The title of a Hans Urs von Balthasar book sums it up best: “Love Alone is Credible.”
1.27.2012 | 4:36pm
Gil says:
@ Kay and everyone else who has been involved in having, assisting (as I did) or justifying (as I did) abortion (for if I had been there for those women in the love that is Christ the abortion might well have been avoided): Let's not persecute those who, as those gathered at the Cross, knew not what they had done:

“But go and learn what this means: ‘I desire mercy, not sacrifice.’ For I have not come to call the righteous, but sinners.” (Matthew 9:13)
1.27.2012 | 5:35pm
Joan says:
For another viewpoint, a quick search in Wikipedia offers the following:
Ethelbert William Bullinger,[9] looks at the word "and" in the Jephthah's vow (Judges 11:31: "whatever comes out of the doors of my house to meet me, when I return in peace from the people of Ammon, shall surely be the Lord's, and I will offer it up as a burnt offering"). As he explains [10] the Hebrew prefix "" that is translated in the above passage as "and" is often used as a disjunctive, and means "or", when there is a second proposition. Indeed this rendering is suggested in the margin of the A.V. Bullinger goes on to give examples from the Bible where the same word has been translated as "or". According to him, the right translation of this passage is: "whatever comes out of the doors of my house to meet me, when I return in peace from the people of Ammon, shall surely be the Lord's, or I will offer it up as a burnt offering." Jephthah's daughter, being the first that came out of the house, was thus, according to Bullinger, dedicated to God. He also says: "In any case, it should have been unlawful, and repugnant to Jehovah, to offer a human being to Him as a burnt-offering, for His acceptance. Such offerings were common to heathen nations at that time, but it is noteworthy that Israel stands out among them with this great peculiarity, that human sacrifices were unknown in Israel."
2.6.2012 | 10:01am
Michael says:
George,

Really like the article. Have never seen the connection between abortion and human sacrifice before. But it is a true application of God's law in today's society.

What is great about our God is how the Psalm ends:
Nevertheless, he looked upon their distress, when he heard their cry. For their sake he remembered his covenant, and relented according to the abundance of his steadfast love.
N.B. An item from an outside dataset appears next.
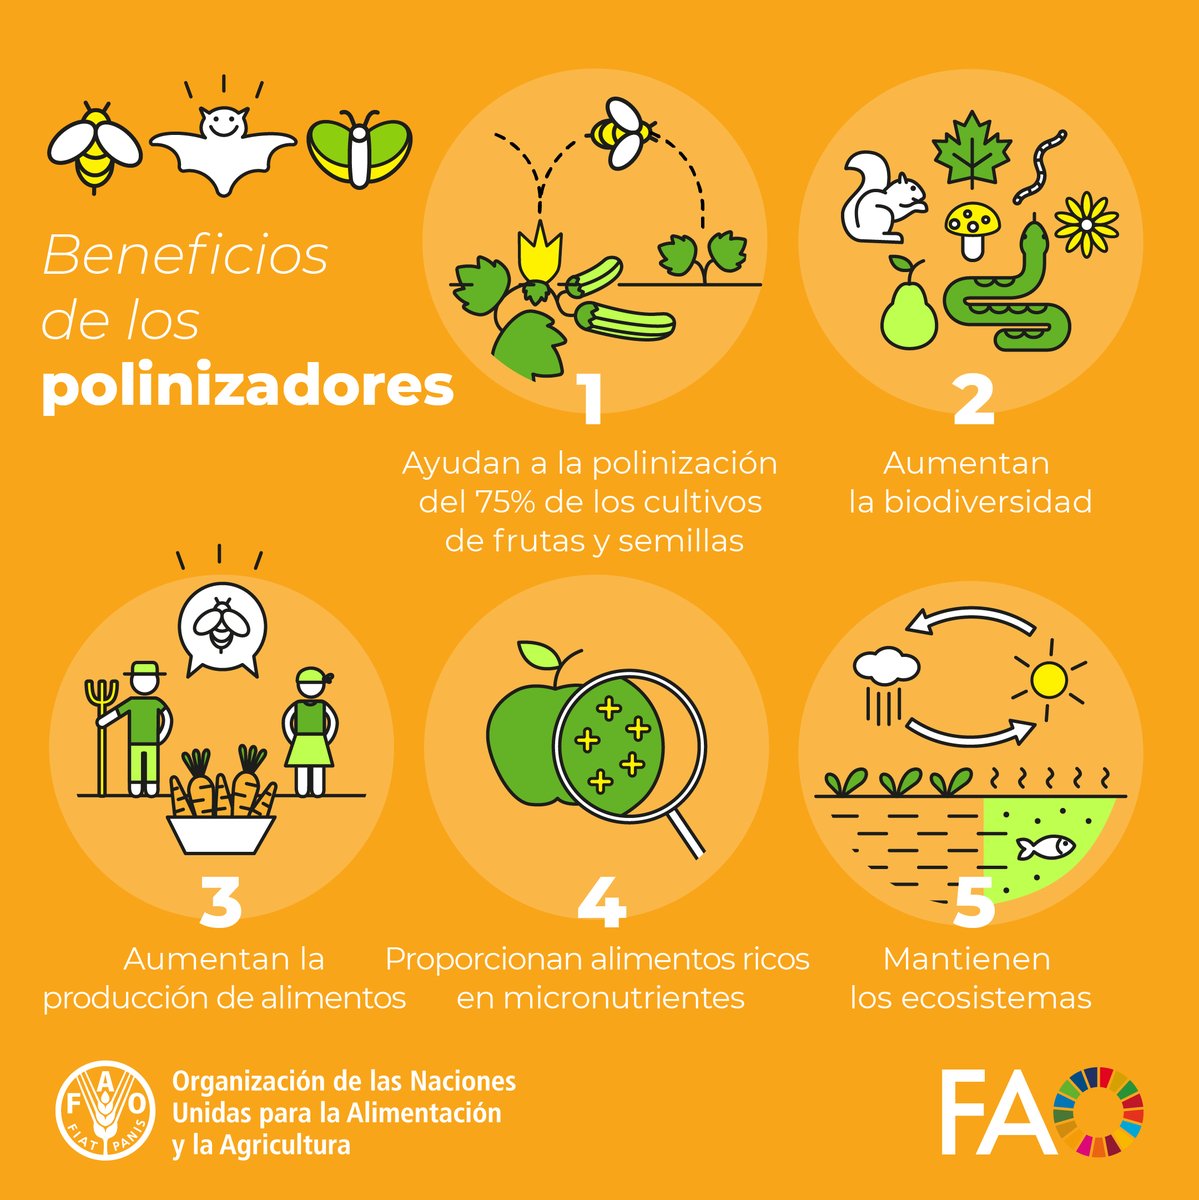 🐝Gracias a las abejas y otros polinizadores tenemos... ✅Más alimentos ✅Mejores alimentos ✅Más biodiversidad Aquí hay 5⃣razones por los que debemos protegerlos👇 #DíaMundialDeLasAbejas

He caused them to be pitied by all those who held them captive. Save us, O LORD our God, and gather us from among the nations, that we may give thanks to your holy name and glory in your praise. Blessed be the LORD, the God of Israel, from everlasting to everlasting! And let all the people say, "Amen!" Praise the LORD! (Psa 106:44-48 ESV)

When God's people are convicted by the Law, when they repent of their sins, God "hears their cry" and delivers them. Thanks be to God who save us from our sins by giving His Son to die for them.

Blessed be the LORD, the God of Israel, from everlasting to everlasting! And let all the people say, "Amen!" Praise the LORD!